▶ ASSIGNMENT:
All lines from the one containing "Wink Oven Mitt - Texas Flag" through the end of the material are to be given back exactly, without pictures.

▶ DATA SECTION:
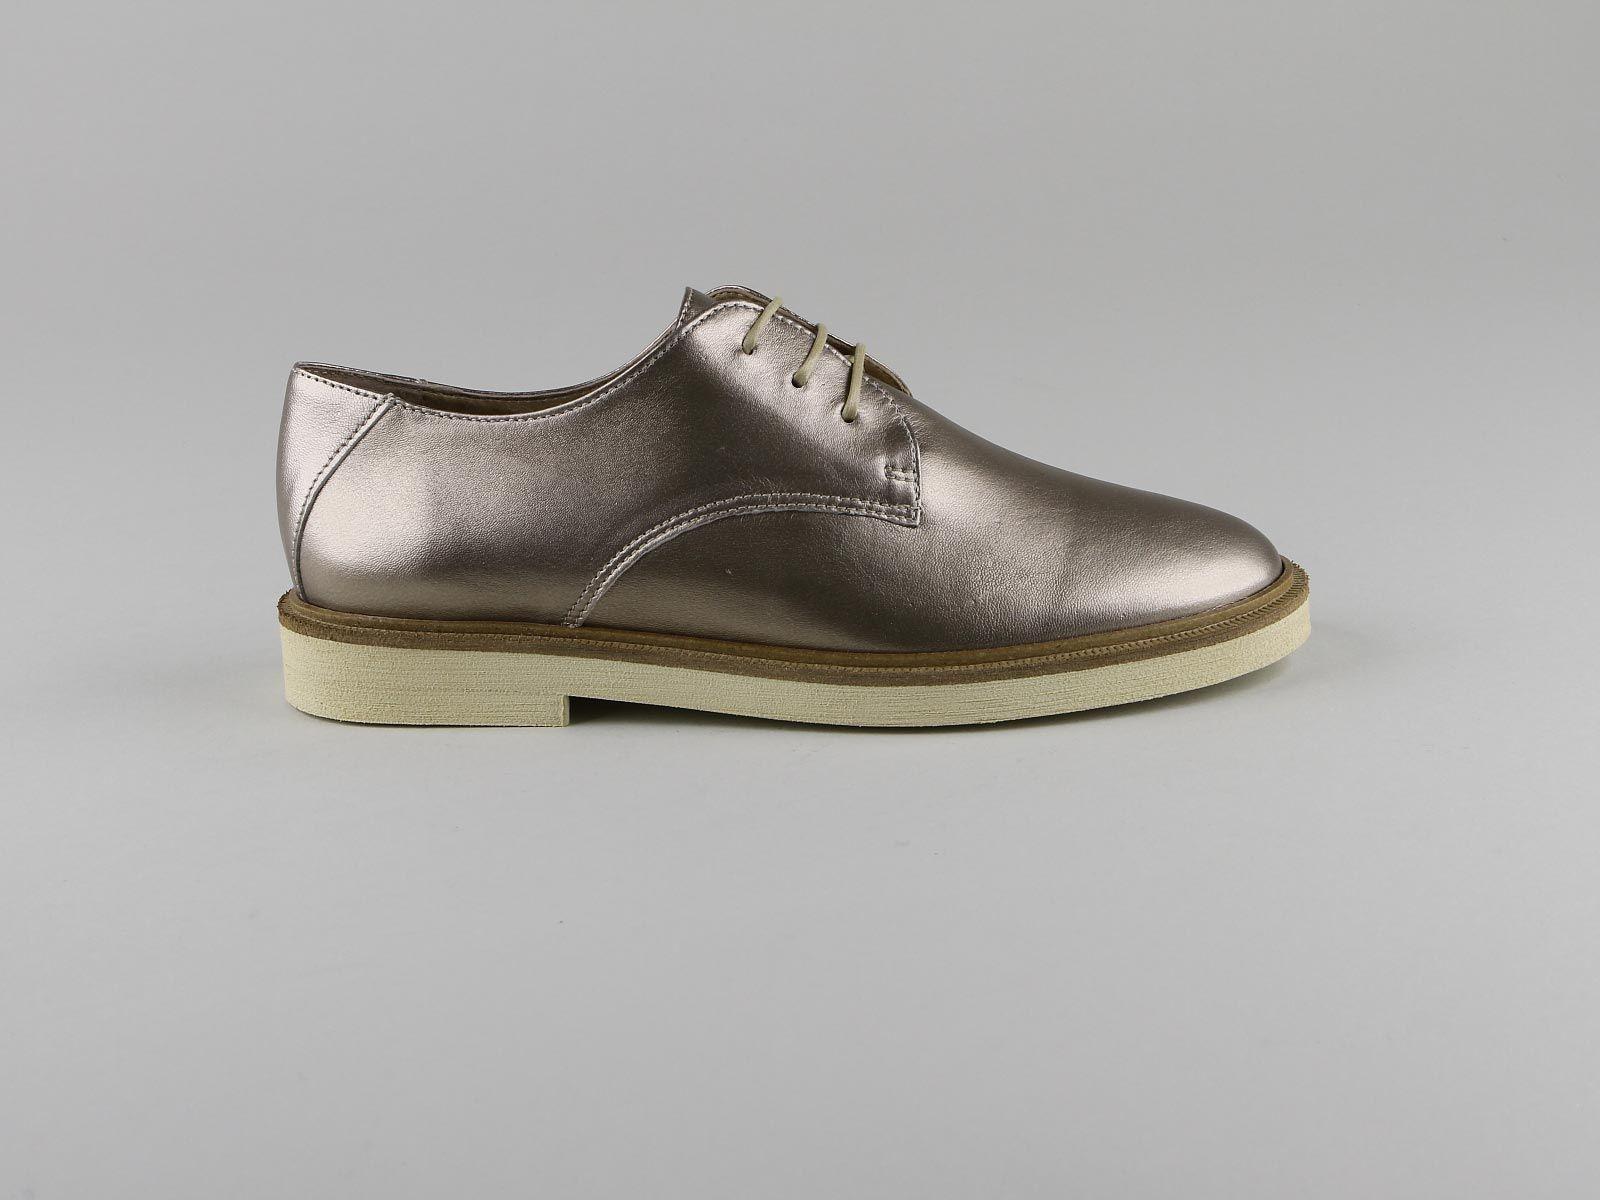 Schmoove Héroïne MALICE DERBY - Chaussures Femme - Lacets ... 1eba4e94e9e9
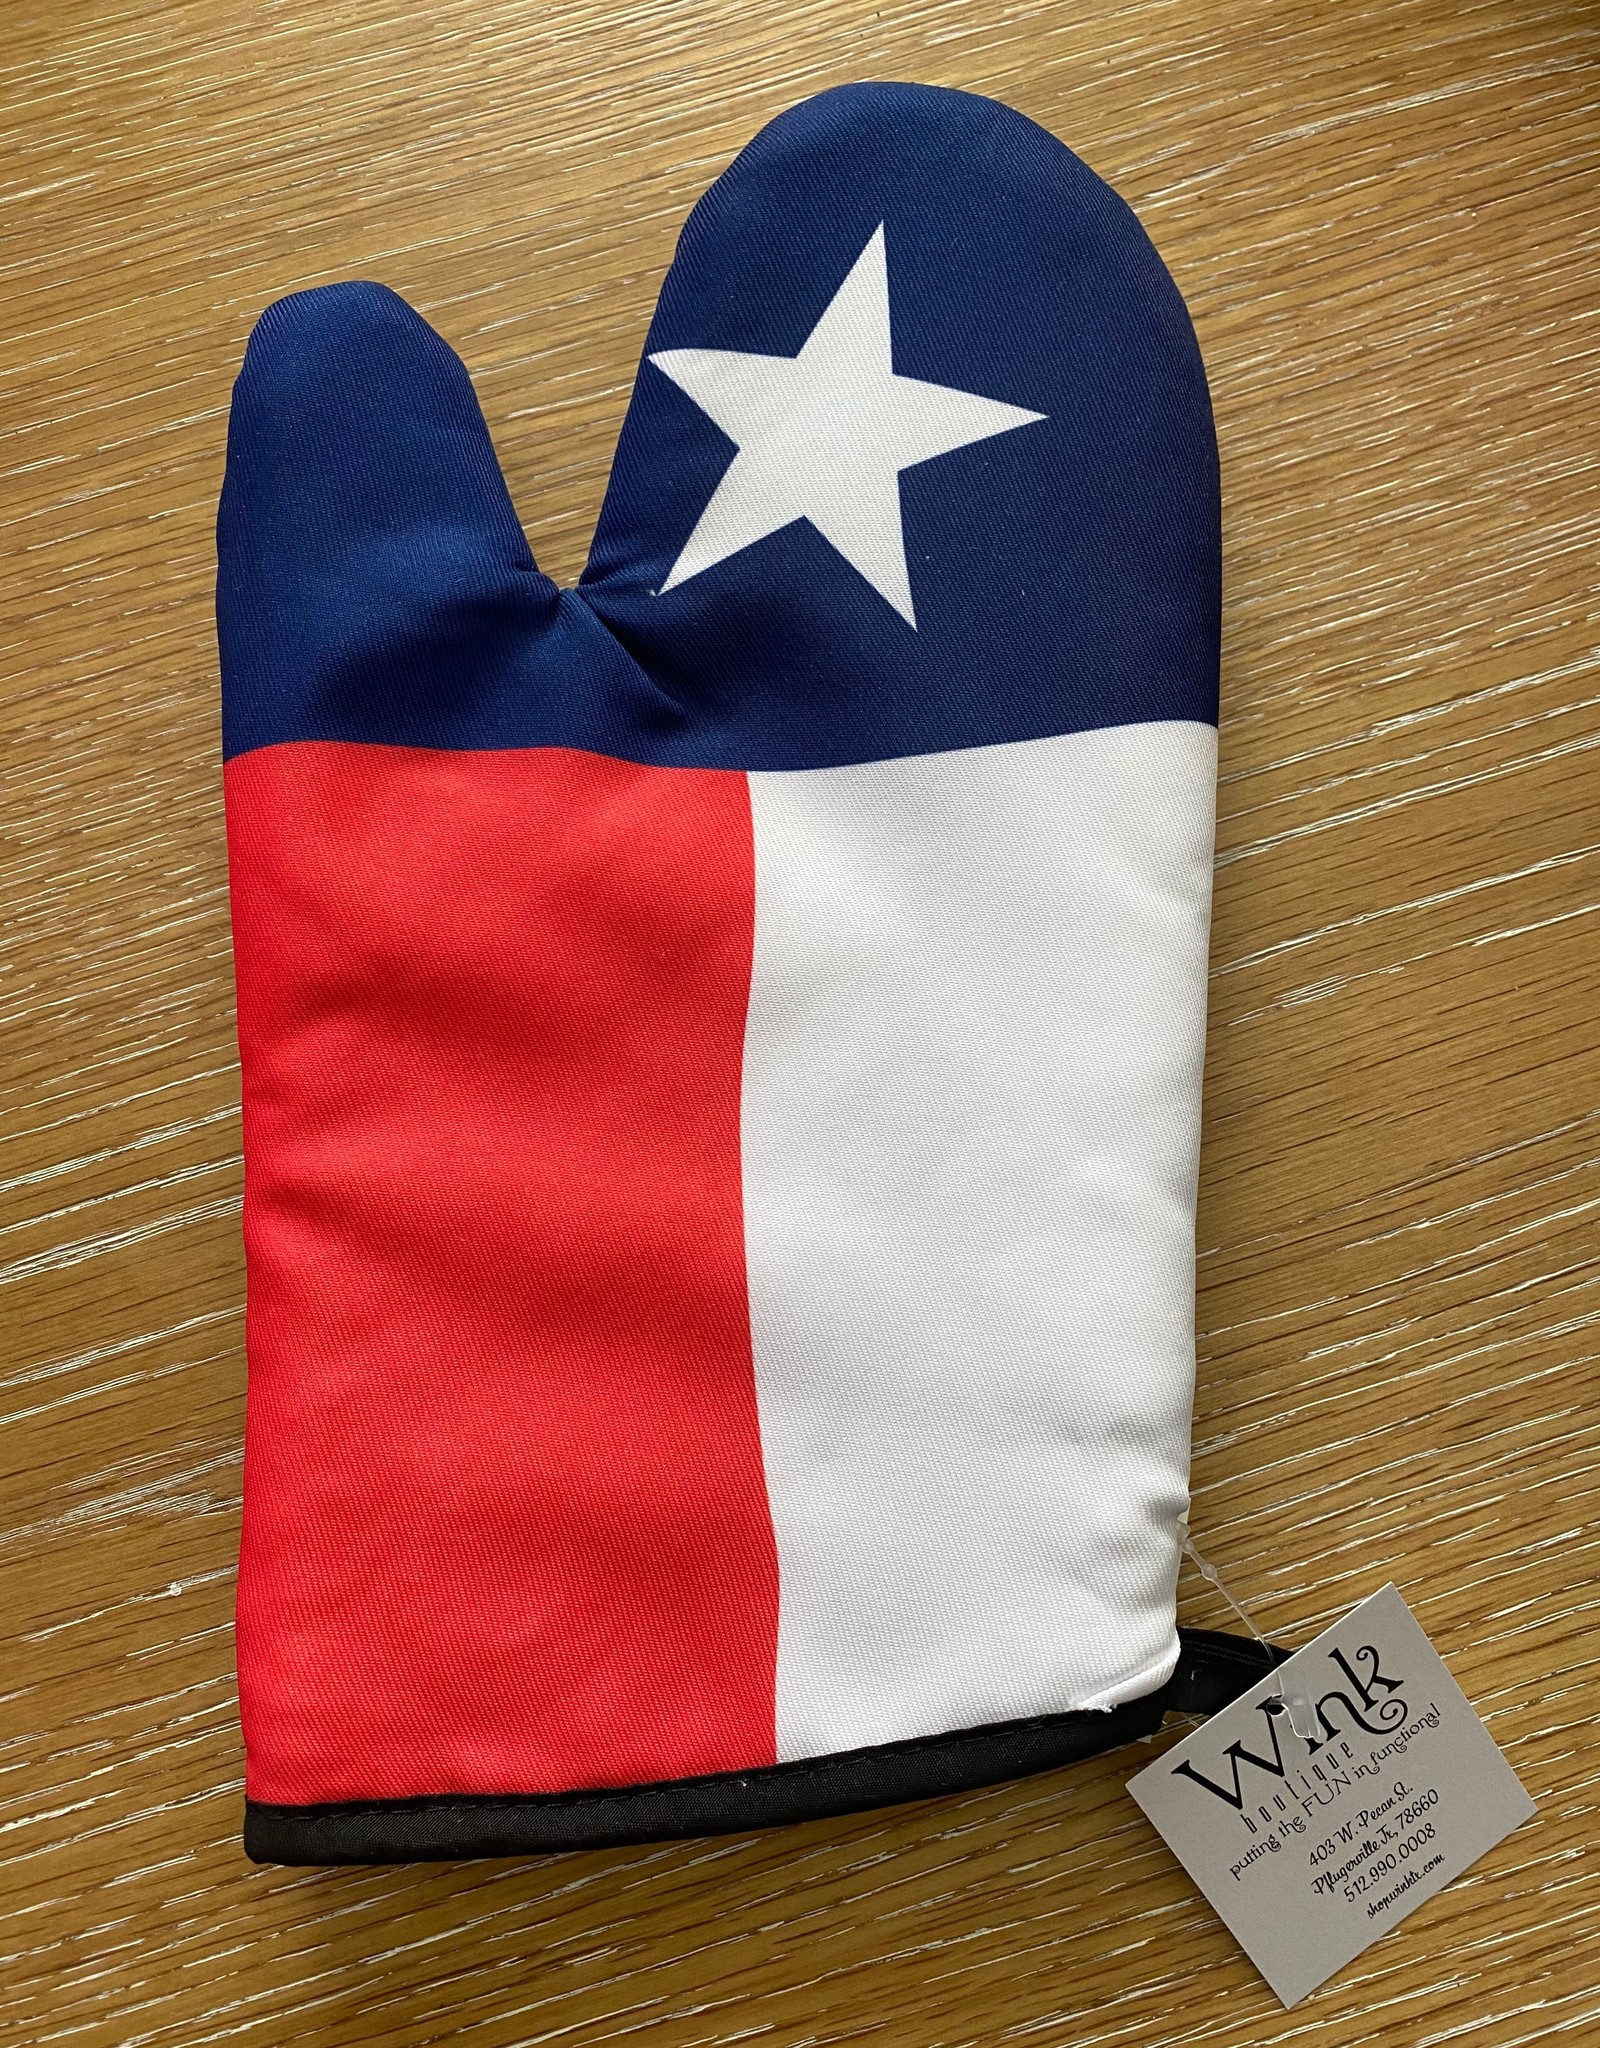 Wink Oven Mitt - Texas Flag
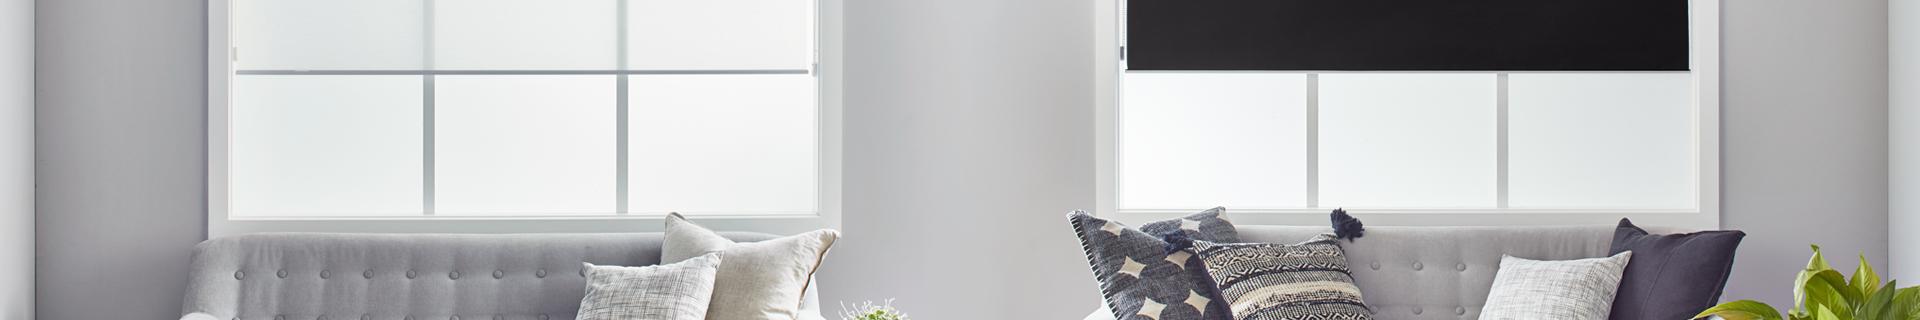 Living room with black roller blinds.

▶ EXERCISE ANSWER:
 Wink Oven Mitt - Texas Flag
 Living room with black roller blinds.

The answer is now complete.